---- Exercise data
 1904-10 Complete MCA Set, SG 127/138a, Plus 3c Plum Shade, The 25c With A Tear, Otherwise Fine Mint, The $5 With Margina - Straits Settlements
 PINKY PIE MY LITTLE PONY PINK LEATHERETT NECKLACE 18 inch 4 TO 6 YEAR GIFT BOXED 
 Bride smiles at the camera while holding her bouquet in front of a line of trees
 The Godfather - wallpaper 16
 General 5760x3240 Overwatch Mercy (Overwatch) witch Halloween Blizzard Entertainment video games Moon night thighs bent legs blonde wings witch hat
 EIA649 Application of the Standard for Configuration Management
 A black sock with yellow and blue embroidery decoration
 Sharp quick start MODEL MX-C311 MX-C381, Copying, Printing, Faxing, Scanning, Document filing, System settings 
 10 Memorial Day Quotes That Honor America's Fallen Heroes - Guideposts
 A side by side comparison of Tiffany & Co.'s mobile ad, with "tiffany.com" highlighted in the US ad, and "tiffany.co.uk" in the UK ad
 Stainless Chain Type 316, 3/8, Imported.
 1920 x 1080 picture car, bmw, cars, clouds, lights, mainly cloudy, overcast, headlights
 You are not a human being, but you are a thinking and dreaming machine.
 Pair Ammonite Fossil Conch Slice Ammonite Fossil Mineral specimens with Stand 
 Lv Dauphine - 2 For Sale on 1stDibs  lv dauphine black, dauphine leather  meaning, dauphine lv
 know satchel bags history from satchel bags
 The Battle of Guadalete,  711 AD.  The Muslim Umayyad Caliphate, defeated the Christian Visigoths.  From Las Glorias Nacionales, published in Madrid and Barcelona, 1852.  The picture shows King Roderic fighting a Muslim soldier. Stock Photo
--------
Required action: The lines above, from the first through the one containing "A side by side", must be restated word for word, with nothing added.

Solution to the problem:
 1904-10 Complete MCA Set, SG 127/138a, Plus 3c Plum Shade, The 25c With A Tear, Otherwise Fine Mint, The $5 With Margina - Straits Settlements
 PINKY PIE MY LITTLE PONY PINK LEATHERETT NECKLACE 18 inch 4 TO 6 YEAR GIFT BOXED 
 Bride smiles at the camera while holding her bouquet in front of a line of trees
 The Godfather - wallpaper 16
 General 5760x3240 Overwatch Mercy (Overwatch) witch Halloween Blizzard Entertainment video games Moon night thighs bent legs blonde wings witch hat
 EIA649 Application of the Standard for Configuration Management
 A black sock with yellow and blue embroidery decoration
 Sharp quick start MODEL MX-C311 MX-C381, Copying, Printing, Faxing, Scanning, Document filing, System settings 
 10 Memorial Day Quotes That Honor America's Fallen Heroes - Guideposts
 A side by side comparison of Tiffany & Co.'s mobile ad, with "tiffany.com" highlighted in the US ad, and "tiffany.co.uk" in the UK ad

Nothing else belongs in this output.